The advent of bracket pools has only added to the enjoyment of the tournament, especially the first round. It creates a rooting interest where none existed before and provides immediate bragging rights for anyone that gets lucky and picks a couple of the first-round upsets (don’t pretend like you knew Michigan State was going to lose to the Blue Raiders).
The true beauty of the first round, however, are those upsets. I know they’re coming every year, yet I still lose my mind every time a double-digit seed advances to the next round. I’ll admit, I’m a sucker for the underdog victories (Middle Tennessee State!!!!) and I get so emotionally invested in these schools I don’t have any rational reason to root for. I was as elated with Arkansas Little-Rock’s double-overtime win as any Trojan fan and as crushed with Florida Gulf Coast’s defeat as any resident of Dunk City.
But there’s always another team to win my heart (did I mention Middle Tennessee?) and that’s why the tournament is so exciting.
Now that the tournament has progressed to the Sweet Sixteen, most of those double-digit seeds have been knocked out, there are fewer games and the action is less-constant.

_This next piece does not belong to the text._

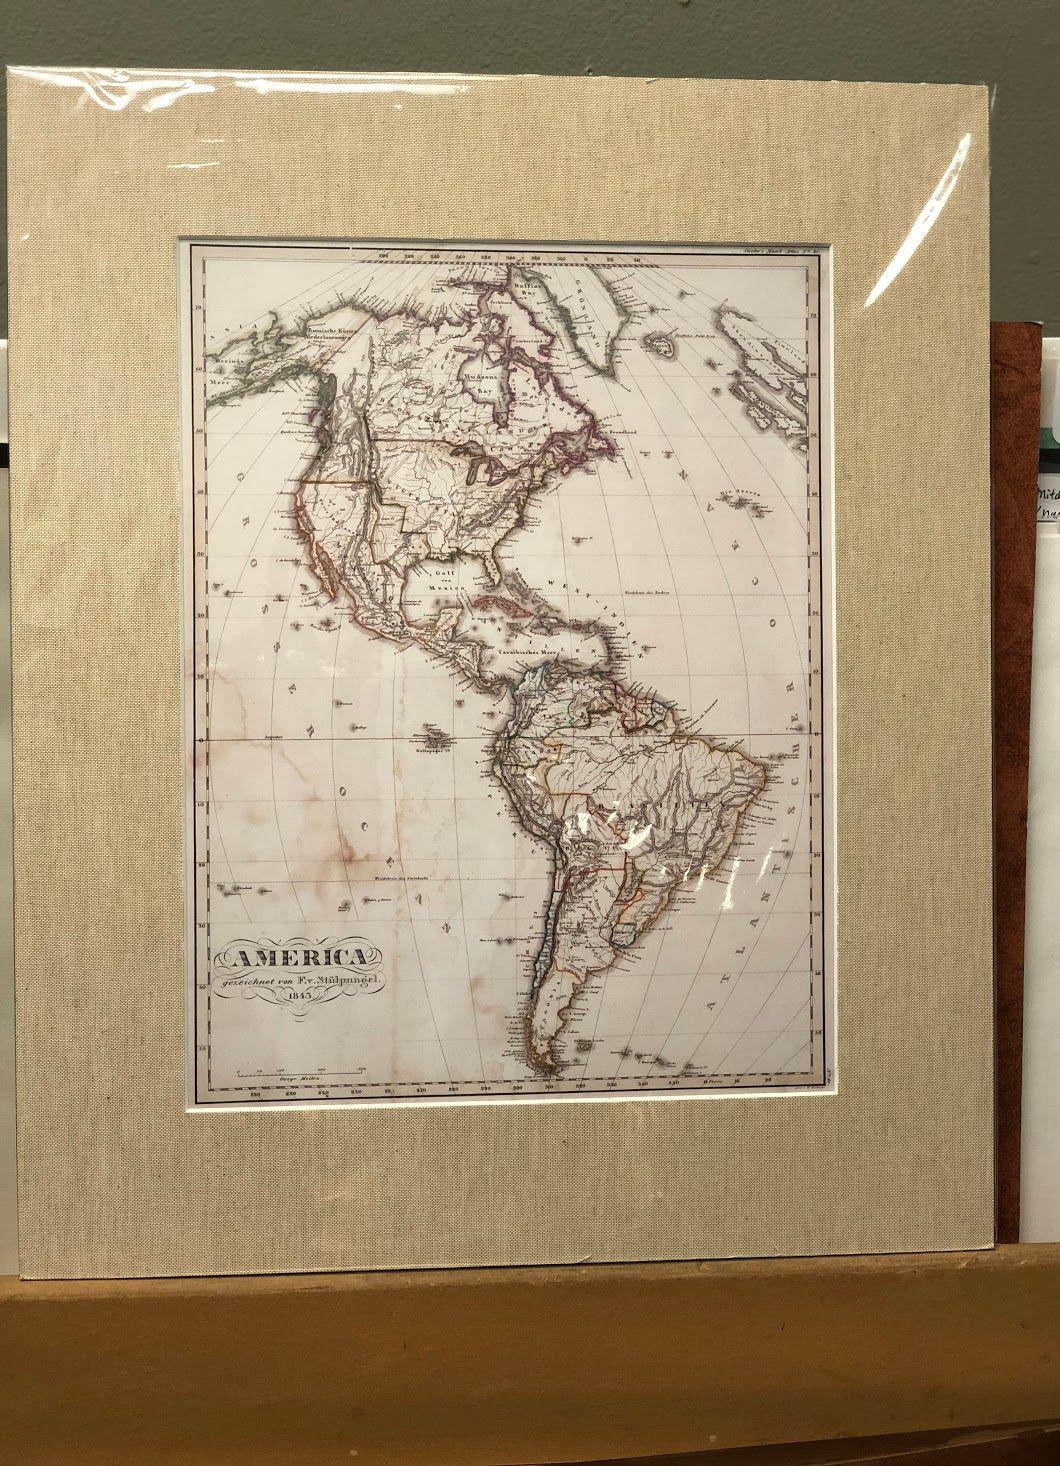 America Map Ready For Framing! Bonrics Custom Framing and Gallery ...

I’m already counting down the days to the first round of the tournament next year.
—Thomas Sorenson is a junior majoring in journalism and only skipped a couple of classes on Thursday and Friday to watch the first round. He maintains that the NBA is vastly superior to college basketball, but respects the right of everyone who thinks college basketball is better to be wrong. Still, he loves the spectacle of the tournament and will forever cheer for Dunk City.